*** STORED DATA Section Begins ***

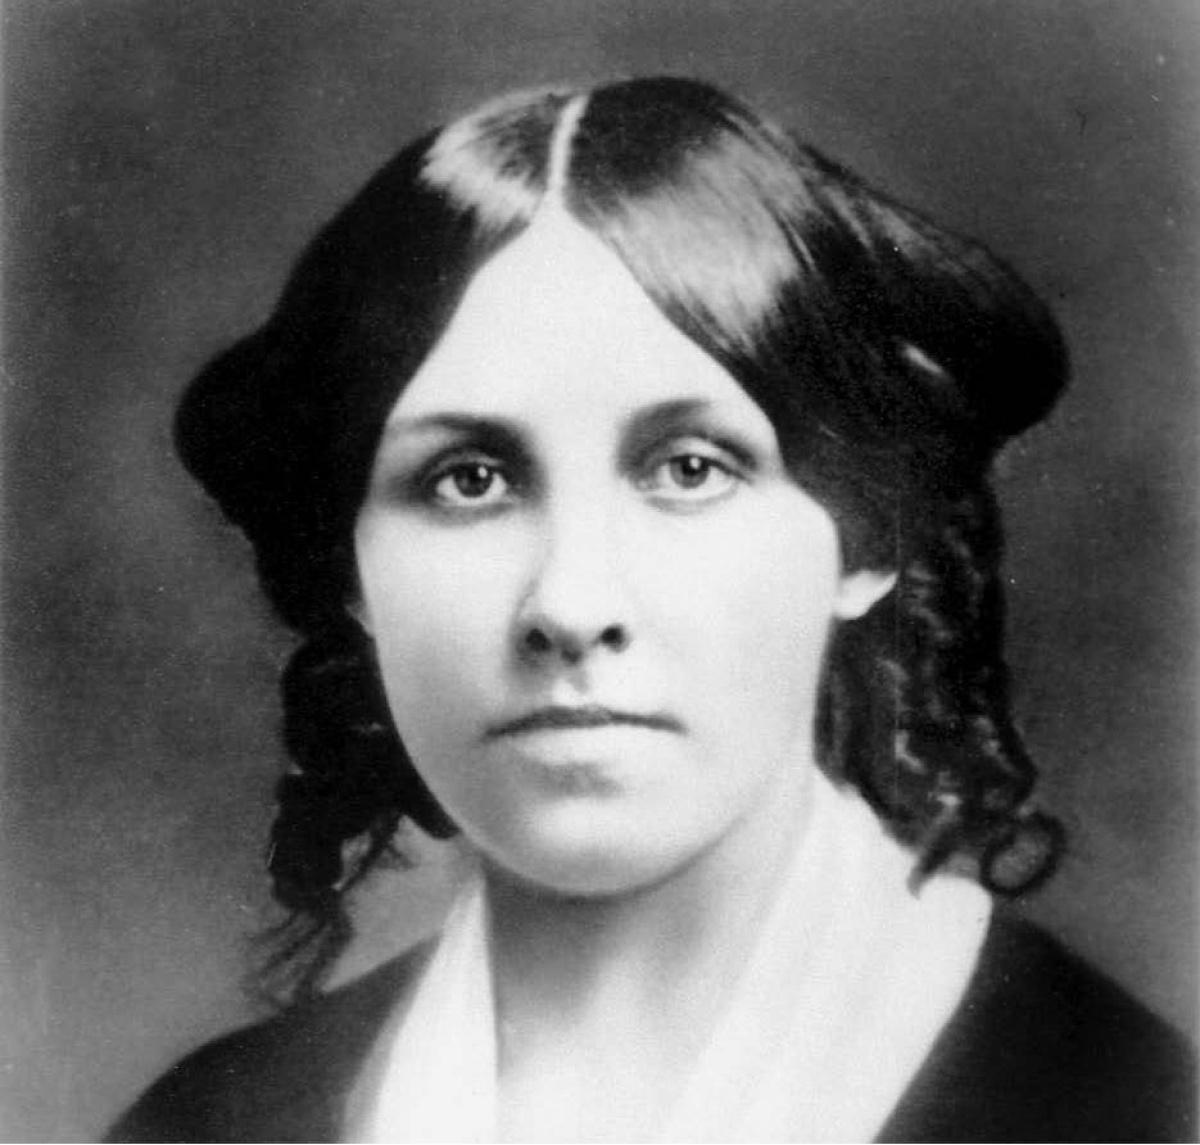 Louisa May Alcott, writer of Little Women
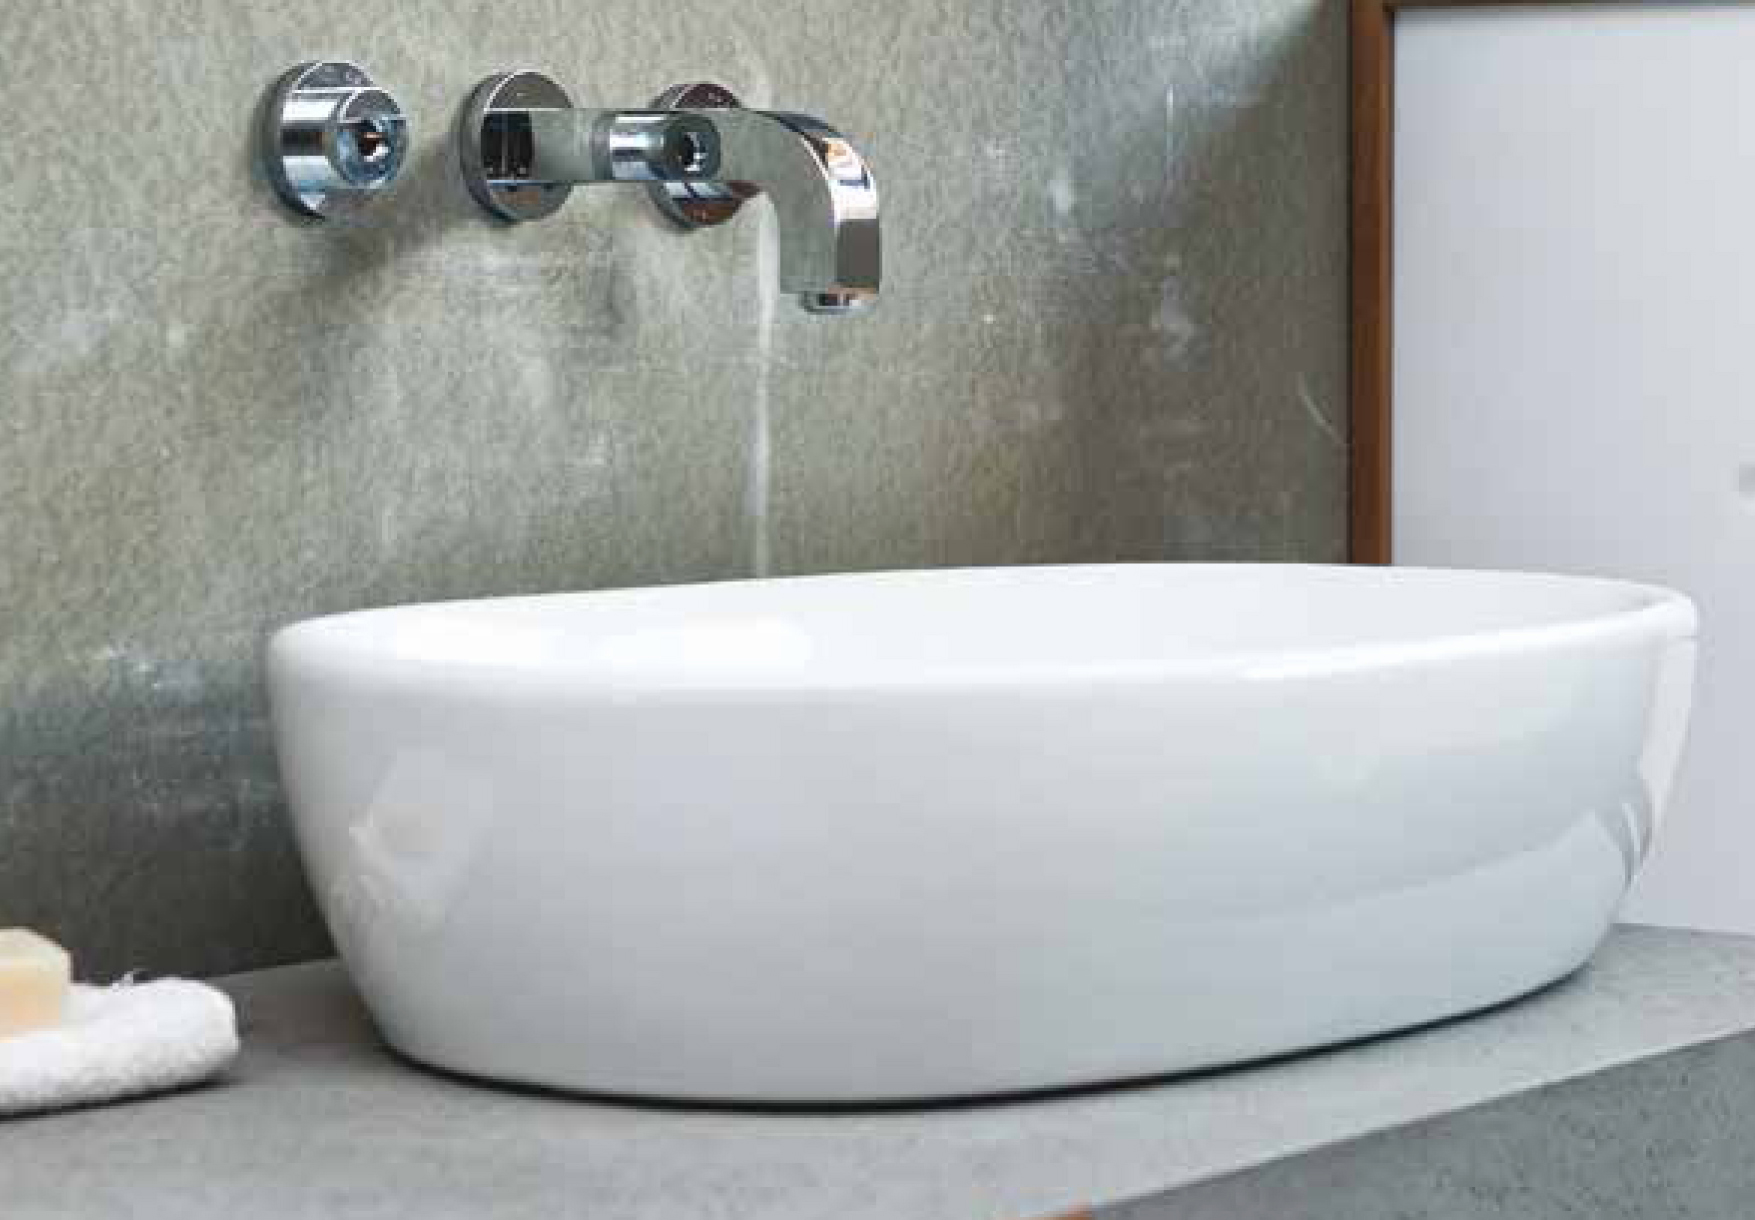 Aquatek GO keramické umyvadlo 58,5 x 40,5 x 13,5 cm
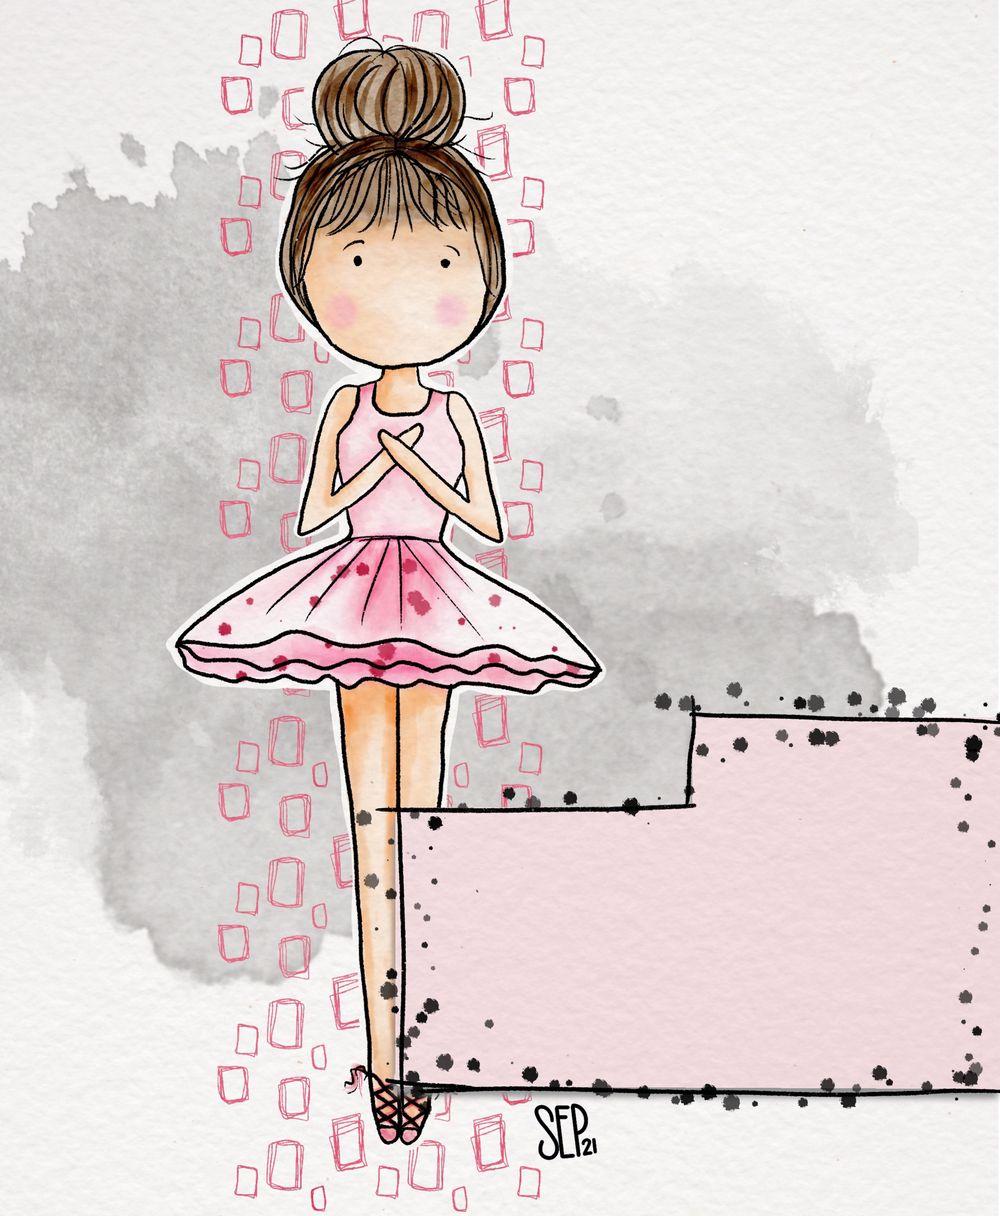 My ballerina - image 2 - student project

*** STORED DATA Section Ends ***

__GOAL OF THE EXERCISE__
Retype the lines above exactly, no pictures.

__EXERCISE RESPONSE__
 Louisa May Alcott, writer of Little Women
 Aquatek GO keramické umyvadlo 58,5 x 40,5 x 13,5 cm
 My ballerina - image 2 - student project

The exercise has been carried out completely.